Inspired by Albrecht Dürer, Lucas Cranach the Elder produced numerous versions of Adam and Eve; they do not so much testify to his grappling with the ancient theory or proportion as to his interest in the relationship between man and woman. Religious and erotic references are interwoven. This version by Lucas Cranach the Younger on two panels shows full-length, roughly life-size nudes facing each other beneath the Tree of Knowledge. They are looking at each other—Eve seductively, Adam doubtful—still in paradisiacal harmony with their surroundings. Each is holding an apple; the Fall and Expulsion from paradise are imminent.
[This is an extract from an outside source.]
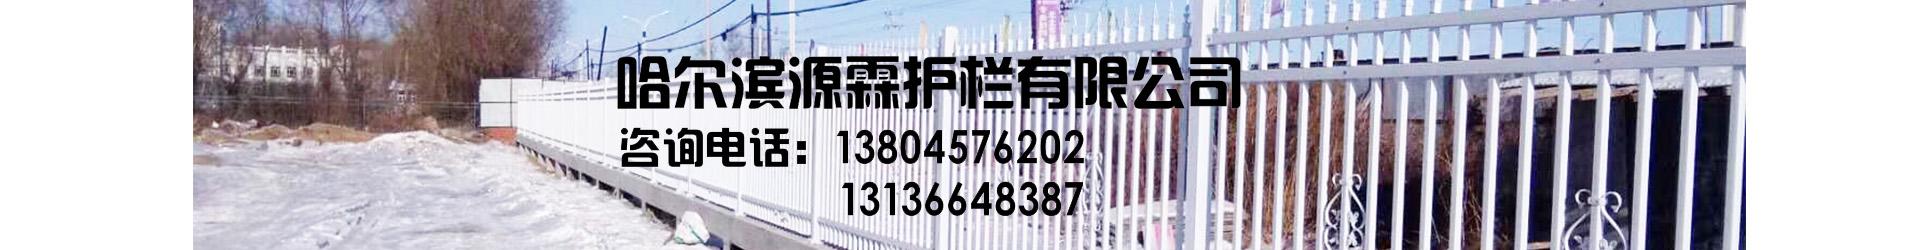 哈尔滨塑钢护栏

The origin of these panels is not known; they presumably entered the Dresden Kunstkammer directly from the estate of Cranach’s workshop.


  • Title: Eve
  • Creator: Lucas Cranach the Younger
  • Date Created: after 1537
  • Physical Dimensions: 171.8 × 63 cm
  • Technique and Material: Oil on Linden
  • Provenance: First listed in the inventory in 1595
  • Museum: Staatliche Kunstsammlungen Dresden, Gemäldegalerie Alte Meister
  • Inv.-No.: 1916 AA
  • ISIL-No.: DE-MUS-845318
  • External Link: http://www.skd.museum/de/museen-institutionen/zwinger-mit-semperbau/gemaeldegalerie-alte-meister/
  • Copyright: Photo © Staatliche Kunstsammlungen Dresden, Gemäldegalerie Alte Meister / Hans-Peter Klut; Text © Renaissance and Reformation: German Art in the Age of Dürer and Cranach, A Cooperation of the Los Angeles County Museum of Art, the Staatliche Museen zu Berlin, the Staatliche Kunstsammlungen Dresden, and the Bayerische Staatsgemäldesammlungen München, Catalogue of the Exhibition at the Los Angeles County Museum of Art, Nov 20, 2016 – March 26, 2017, Munich: Prestel, 2016; cat. no. 69 / Roland Enke
  • Catalogue: https://prestelpublishing.randomhouse.de/book/Renaissance-and-Reformation/Stephanie-Buck/Prestel-com/e504919.rhd
  • Artist Dates: 1515 Wittenberg–1586 Wittenberg
  • Artist Biography: The painter was trained in his father’s workshop, which he ran successfully after Lucas Cranach the Elder left Wittenberg (following his employer, John Frederick of Saxony, into exile). In many cases, clear separation of their oeuvres is only possible in the late work. Like his father before him, Cranach the Younger held respected political offices in Wittenberg.